5) сердечные гликозиды (строфантина 0,05 % раствора 0,25— 0,3 мл 2—3 раза в сутки в виде внутривенной инфузии).

Фторотановый наркоз противопоказан из-за опасности развития гемодинамических осложнений (артериальной гипотензии).

В III стадии проводят все мероприятия, направленные на борьбу с гипоксией и расстройствами кровообращения (с. 118). ИВЛ показана всем больным в этой стадии. При бронхиолоспазме допустимо создание в дыхательной системе высокого давления (7,84— 9,80 кПа), использование больших дыхательных (0,8—1,2 л) и минутного (30—35 л) объемов. Создание отрицательного давления (активный выдох) не рекомендуется. Газообмен улучшается при режиме дыхания с постоянно повышенным конечным экспираторным давлением. ИВЛ сочетается с лаважем трахеи и бронхов. После устранения обструкции бронхов дыхательный и минутный объемы вентиляции, а также давление в дыхательных путях должны быть постепенно снижены. Переход с искусственной вентиляции на спонтанную необходимо проводить постепенно, чередуя периоды самостоятельного и искусственного дыхания. Одним из показаний к продолжению ИВЛ является ухудшение вентиляции легких и даже апноэ после спонтанной вентиляции О .
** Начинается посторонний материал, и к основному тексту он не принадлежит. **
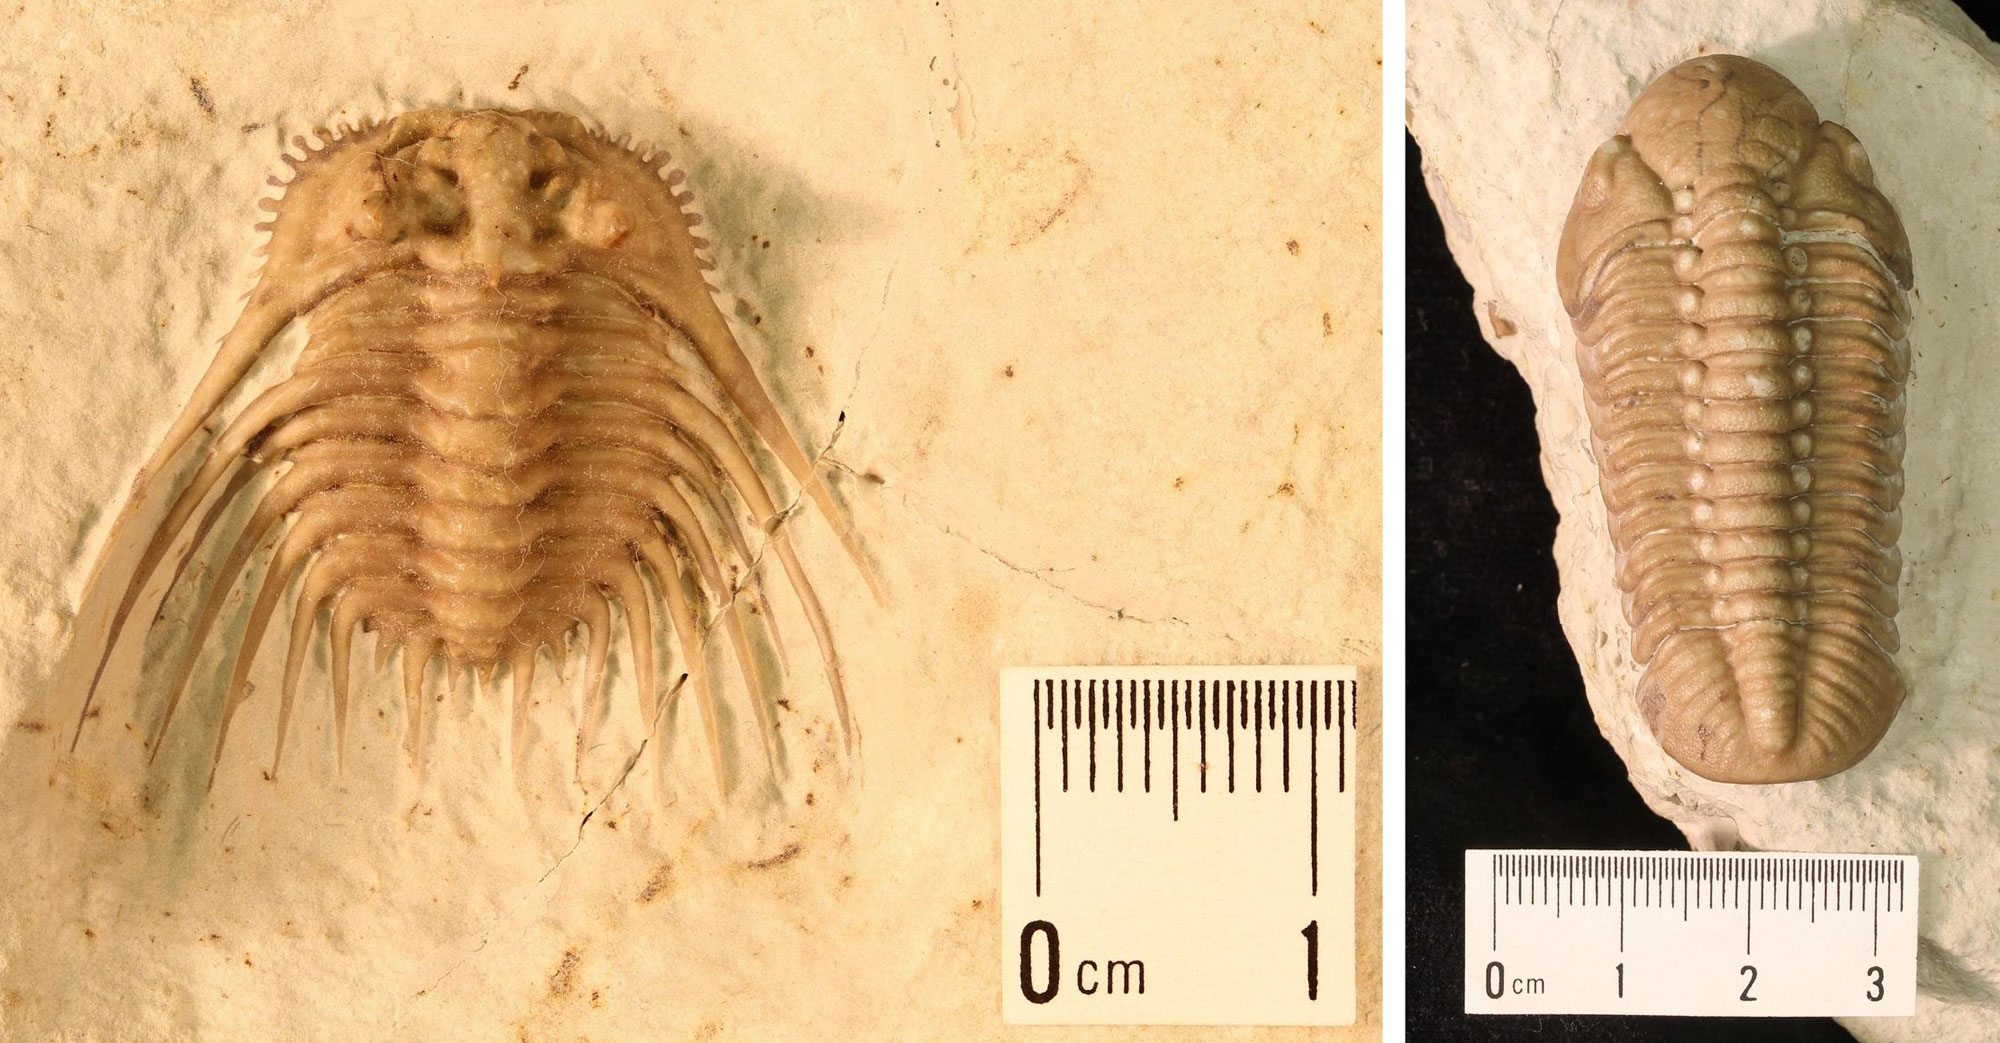 2-Panel images showing photographs of Devonian trilobites from Oklahoma. Left: A small trilobite with lateral spines. Right: An elongated trilobite with little ornamentation.

В последнее время отмечают высокую эффективность инсулинового шока в прерывании астматического состояния.

ИНСПИРАЦИЯ ИНОРОДНЫХ ТЕЛ. Острый стеноз дыхательных путей вызывается инспирацией твердых и жидких инородных тел. Тяжесть клинической картины зависит от величины инородного тела и уровня обтурации. Иногда инородные тела, не препятствуя прохождению воздуха, вызывают острое воспаление, отек и стеноз дыхательных путей.

Диагноз устанавливают на основании анамнеза, клинической картины, рентгенографии, ларинго- и трахеобронхоскопии. При попадании в трахею и бронхи твердых инородных тел клинически отмечаются две фазы: 1) внезапного удушья, когда предмет на некоторое время застревает в области голосовых связок, и 2) резкого кашлевого возбуждения при прохождении инородного тела в трахею. Затем предмет проникает в один из бронхов, обтурирует его, приводя к развитию ателектаза доли или сегмента легкого (рис. 132).

Рис. 132 Клиника и лечение синдрома интратрахеальной обструкции.

Наиболее опасным вариантом инспирации жидких инородных тел является аспирация желудочного содержимого (синдром Мендельсона). Попадание кислого желудочного содержимого в дыхательные пути вызывает внезапный астматический приступ асфиксии из-за тотального бронхоспазма в результате химического раздражения слизистой оболочки дыхательных путей. Аспирация желудочного сока с рН 2,5 сопровождается шоком с последующим развитием отека легких. Позднее у этих больных развиваются тяжелая перибронхиальная инфильтрация и интерстициальная пневмония.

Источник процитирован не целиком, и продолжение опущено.